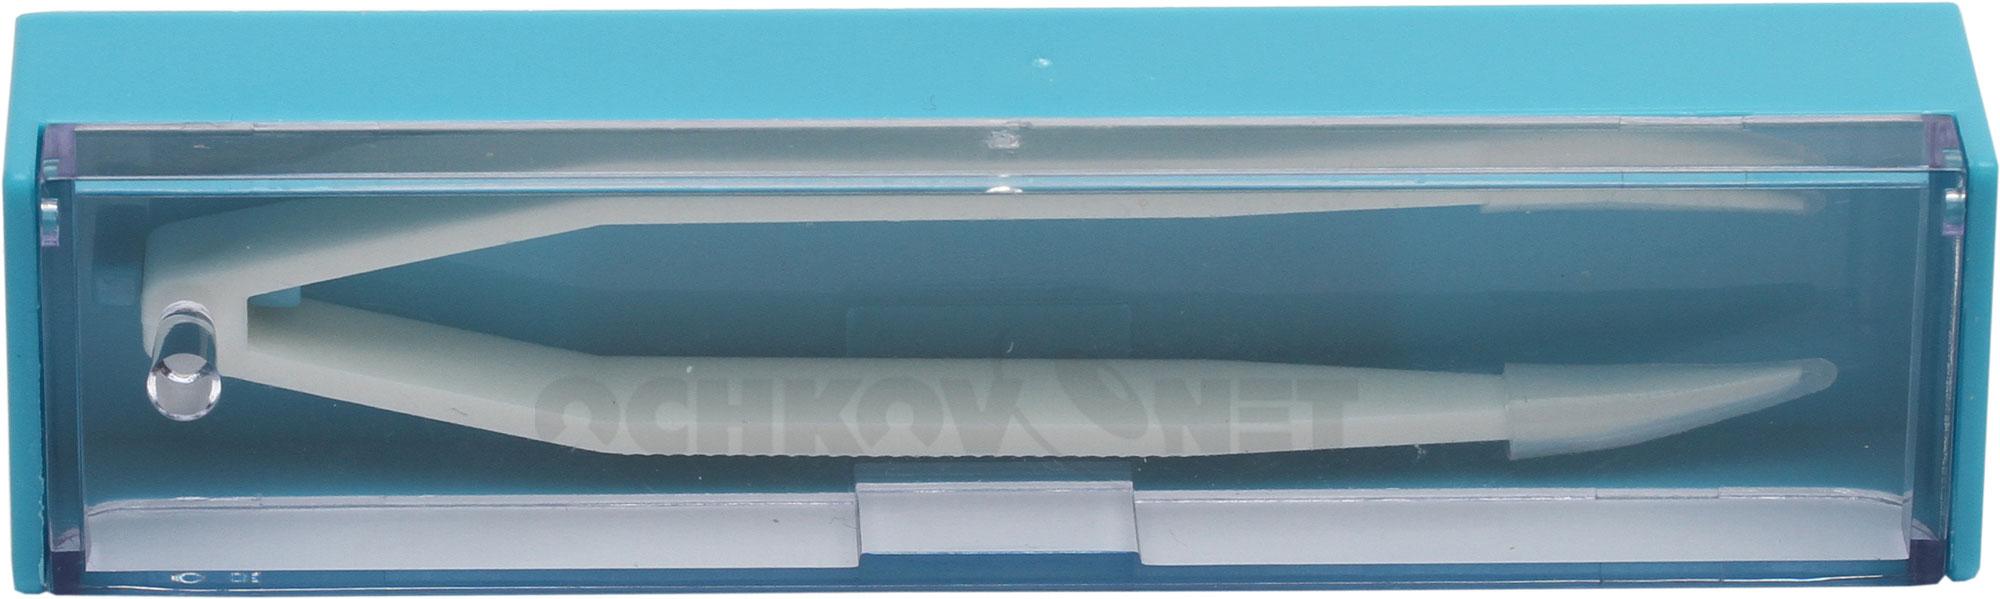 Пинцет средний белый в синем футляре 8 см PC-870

==

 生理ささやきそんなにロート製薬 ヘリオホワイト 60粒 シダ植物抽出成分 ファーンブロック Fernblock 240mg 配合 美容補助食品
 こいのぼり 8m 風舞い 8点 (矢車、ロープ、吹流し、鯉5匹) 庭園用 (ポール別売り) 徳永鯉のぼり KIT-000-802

# WORK TO BE COMPLETED
Return a word-for-word copy of the lines above from the one holding "生理ささやきそんなにロート製薬 ヘリオホワイト 60粒" through the one holding "こいのぼり 8m 風舞い", with both of them included and nothing besides.

# COMPLETED TASK
 生理ささやきそんなにロート製薬 ヘリオホワイト 60粒 シダ植物抽出成分 ファーンブロック Fernblock 240mg 配合 美容補助食品
 こいのぼり 8m 風舞い 8点 (矢車、ロープ、吹流し、鯉5匹) 庭園用 (ポール別売り) 徳永鯉のぼり KIT-000-802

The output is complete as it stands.